# Why does it have to be so HARD



## firefairy (May 21, 2012)

We hate each other. That’s what it’s come down to. We can’t have a simple conversation without it turning into an argument. So much resentment between us. I constantly feel like he is blaming me or accusing me of something and I’m pretty sure he feels the same way. Yet my husband does not want to separate or get a divorce!! He always promises to change and promises to try hard which only last for a few days before he hates me again. I honestly think that it isn’t that he is happy with me.. It’s just that he doesn’t want anyone else to be happy with me. We both are great people. We just honestly probably should’ve never gotten married to begin with. We have very little in common which worked at first but didn’t keep us going long. Since then it’s just been a matter of empty efforts and trying to change so much for the other person that we have forgotten who we truly are. Now nearly 12 years together and almost 6 married; we have 2 children (one is mine that he helped raised from a young age), 2 dogs, a house, and BILLS!! The scary thing for me is being able to maintain our lower middle class lifestyle for our kids. I’m not greedy.. I don’t need to have everything.. but it scares me to think if I make him leave that I won’t even be able to afford the necessities anymore, let alone the little extra that we do buy! But staying married just for financial convenience seems like a horrible thing to do. I don’t even know how to explain my marriage or tell our stories because for so long, I’ve just been trying ignore everything that’s been going on and just get through the days with the least amount of stress. I’m so far from happy that I can’t even remember if I was ever happy in my marriage. I look at pictures from the past and I think they were happy times?!? I’m not sure how this is all reflecting on our kids. I try to focus all my positive energy into them.. supporting them, sharing with them, and laughing with them. I’m sure I’m only adding to the issue when I do this, but I don’t feel close to my husband anymore. I don’t feel like he is my friend. We don’t laugh together.. we don’t have any conversations that don’t involve money, bills, the house, or the kids. He’s such a debby downer these days. All he cares about is money and bills. 

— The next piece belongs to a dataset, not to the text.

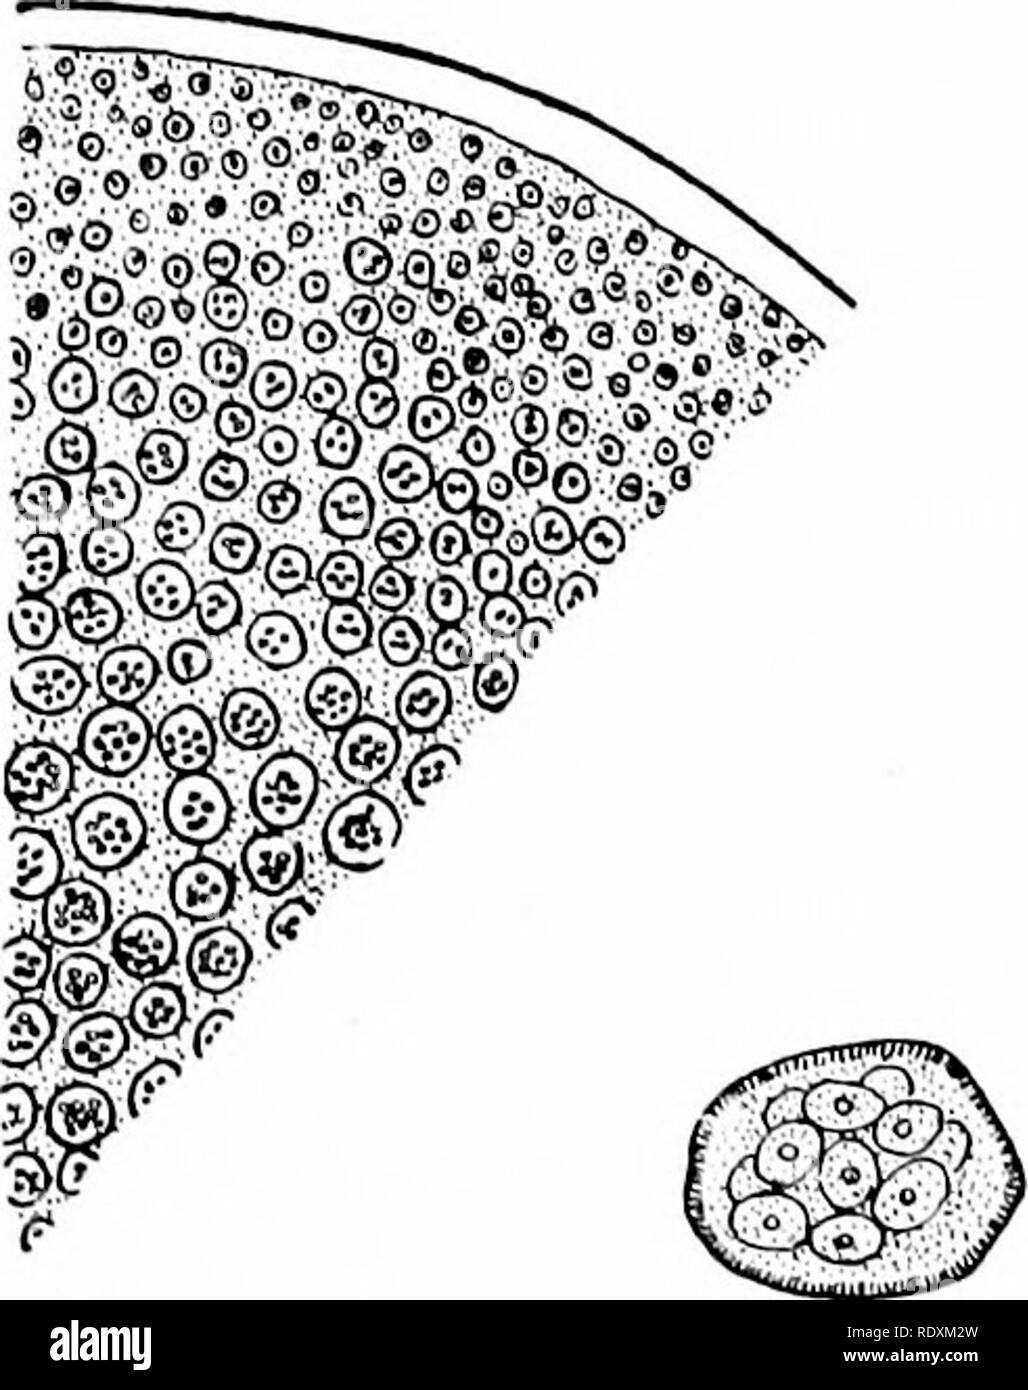 . Protozoo?. Protozoen; Protozoen, Pathogenen. Reproduktion AXD DIE LIFE CYCLE 185 mit dem mycetozoa, und diese eine phylogenetische Beziehung zwischen dem neosporidia und der rhizopoda througli. Dies ist im Fall von Schcwiakovclla schmcili particnlarly gut illustriert, ein parasit von copepotls, wo es nicht nur eine multinucleate trophozoite Hirsch'e, aber der Parasit unterscheidet sich von allen anderen sporozoa in havino - eine deutliche rhizopod Merkmal in seiner kontraktilen Vakuole, während es mit aorees mycetozoa in diesem Jungen-Formen kommen togetlier und Sicherung Plas - modia zu bilden. Eine weitere Besonderheit o Stockfoto

Like two weeks ago we got into a pretty heated argument where we admitted how unhappy we were and how much we resented each other. I told him that I think we have too much water under the bridge to repair the damage.. that I think it’s time to separate. He kind of agreed but then changed his mind. I took off my ring to make meatloaf for dinner and just didn’t feel like putting it back on. I told him, it was my way of saying; I am DONE with this marriage the way it is.. and the only way I was putting my ring back on was if I felt happy and in love again and that there was no quick fixes anymore.. that we need to walk away or totally rebuild. He did what he always does.. acts different for a few days and begs for forgiveness. Well I’m still not wearing my ring and I don’t feel any closer to putting it on. 

How do I do this??


----------



## cdbaker (Nov 5, 2010)

Well, for starters you both should really consider marriage counseling. I think it could be a huge help for you.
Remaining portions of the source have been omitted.